Preferably, the step S7 specifically includes:

s71: constructing a reward and punishment function:

r (t, a) is reward and punishment, t represents that the robot takes action at a certain moment, a represents the action taken by the robot at the moment, a target category appears in the semantic image matrix S of the robot, and the fact that the robot finds a target when the distance between the robot and the target category is calculated to be less than 0.5m is represented;

s72: and inputting the fusion characteristic vector Q into a deep convolutional neural network with initial weight, simulating a navigation strategy of a human expert by a machine to obtain demonstration experience, storing the demonstration experience into an initialized experience pool, initializing a value network J by using random weight values, initializing a target value network J' into a current value network, and cycling each event to obtain an optimal value network J.
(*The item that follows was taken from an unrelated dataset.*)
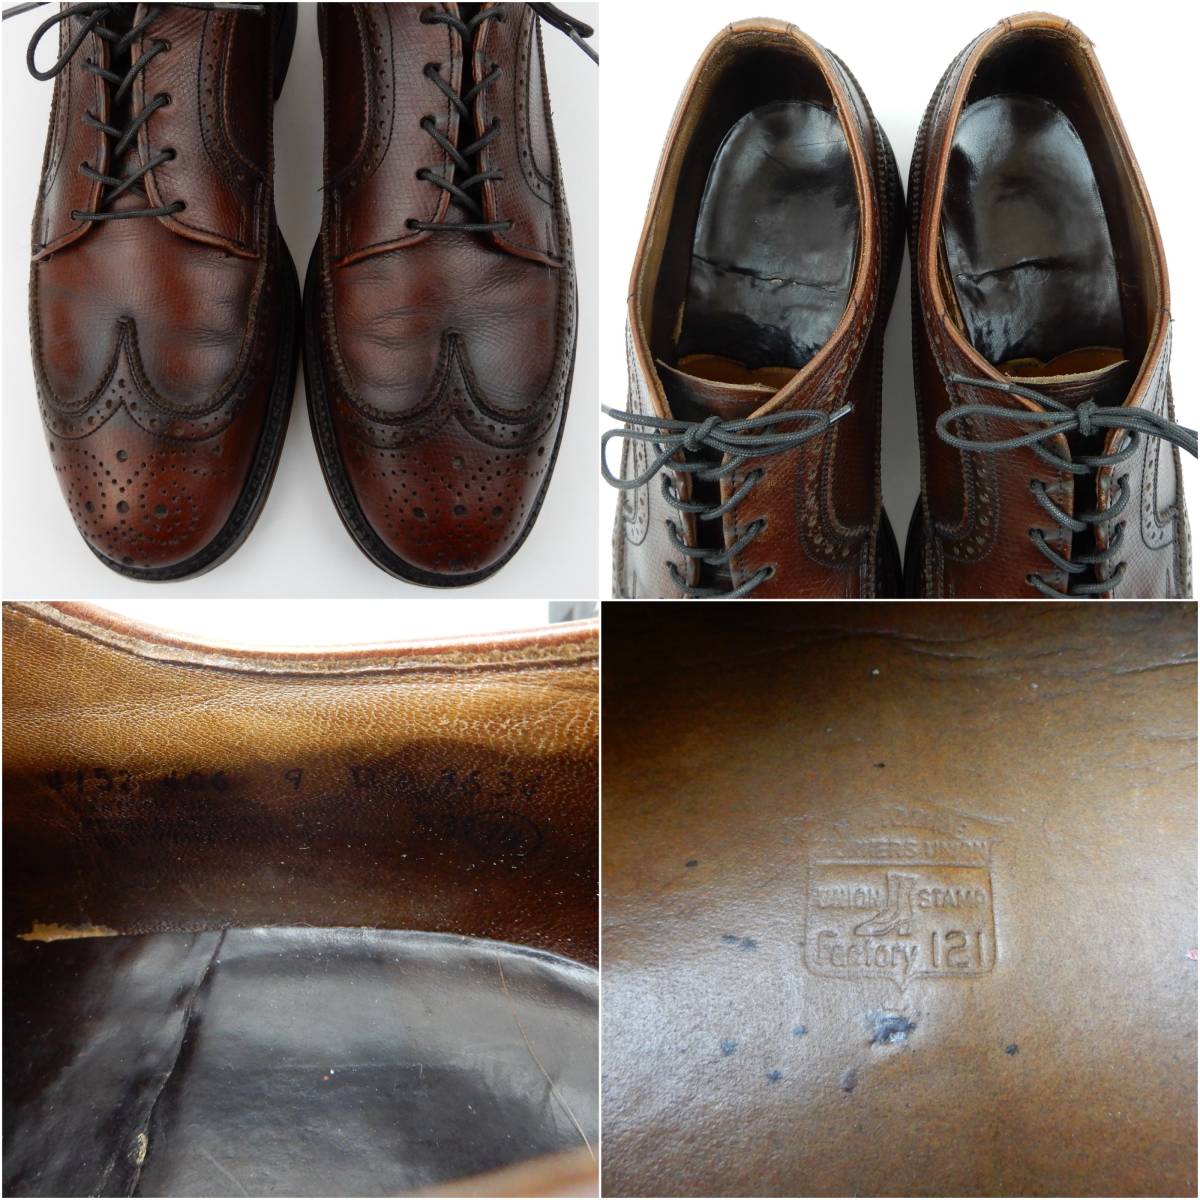 Crosby Square LONG WING TIP SHOES CAT'S PAW 1960s US9.0D Vintage クロスビースクエア ロングウィングチップ キャッツポゥ ヴィンテージ_画像8

Preferably, the training process of the value network in S72 specifically includes:

training a value network by using a reinforcement learning time difference method, recording the value network J as a current value network, initializing the training times to be 0, designing experience playback capacity and sampling quantity, setting a target network J', initializing the random pose of the robot, setting the training times, and selecting actions under the current state according to a greedy strategy:

wherein a is _t For the action taken at the next moment, a reward R (t, a) is obtained from the action taken, and the next state S _t Storing the updated reported value and state into an experience pool, updating the experience pool once every preset step number, and updating the current value network through a gradient descent algorithm until the robot reaches the final state and exceeds the set maximum time t _max 200 actions; otherwise, updating the current network to be a target network, and obtaining a value network J after the training times are reached.
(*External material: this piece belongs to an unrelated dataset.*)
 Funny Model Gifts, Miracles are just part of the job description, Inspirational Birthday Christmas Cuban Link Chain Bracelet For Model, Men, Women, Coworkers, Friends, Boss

Compared with the prior art, the invention has the following advantages:

1. the robot target searching method is based on the real environment, and an indoor map-free navigation target searching system based on the visual sensor is designed, so that the robot does not need to establish a map when searching for an object and completing task navigation, and map-free target searching and indoor navigation tasks can be realized.

2. In the current research of indoor map-free visual navigation, visual information is basically used as an input matrix, and reinforcement learning or imitation learning is directly utilized to train navigation. The method has low navigation success rate and long time, and partial networks are difficult to converge, thereby causing the result of training failure. The map-free navigation target searching system based on scene prior disclosed by the invention has the advantages that visual information forms a local semantic map, so that the training speed and the navigation precision are greatly improved.
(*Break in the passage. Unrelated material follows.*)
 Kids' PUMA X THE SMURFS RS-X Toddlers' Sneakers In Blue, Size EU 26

3. The invention adopts scene prior, searches for objects by utilizing the scene prior exploration environment, and is beneficial to improving the accuracy and efficiency of target search.

Drawings

Fig. 1 is a block diagram of a hardware system according to the method of the present invention.

Fig. 2 is a general flow diagram of the present invention.

Fig. 3 is a schematic view of a scene graph of the present invention.

FIG. 4 is a schematic diagram of a convolutional neural network of the present invention

FIG. 5 is a flow chart of reinforcement learning according to the present invention.

Detailed Description

The invention is described in detail below with reference to the figures and specific embodiments. Note that the following description of the embodiments is merely a substantial example, and the present invention is not intended to be limited to the application or the use thereof, and is not limited to the following embodiments.

Examples

The invention relates to a scene prior-based intelligent object searching method, which comprises the steps of shooting an RGB image and a depth map of an environment, calculating the RGB image by utilizing a trained semantic segmentation network to generate a semantic image, and generating a local semantic map according to the depth map and odometer information; the method comprises the steps of (1) recording object relations of multiple occurrences of visual genome data into a priori knowledge matrix, adding the object relations on the basis of a semantic map, and generating a spatial relation semantic map; acquiring a space semantic map matrix by adopting a convolution network as a data fusion matrix of a local environment; and training a reinforcement learning model as a navigator, taking the data fusion matrix as input, outputting one of the actions of front, left, right and stop, and controlling the motion direction of the robot. The adopted equipment for the target search of the robot, as shown in fig. 1, is mainly composed of a robot equipped with a camera sensor and a laser radar, and a server, the robot transmits the 'seen' information to the server through WiFi by the camera sensor, and the visual information is converted on the server, specifically, as shown in fig. 2, the method comprises the following steps:

s1: and confirming target coding information and a target to be searched. And establishing a target coding network and coding to confirm the coding information of each object in the scene. Specifically, a human-computer interaction interface is set up in the embodiment, the interaction interface is in a text box form, a name of a target to be searched by a user is input into the text box, and the target is coded after the input. The encoder consists essentially of one LSTM, each layer containing 128 hidden units.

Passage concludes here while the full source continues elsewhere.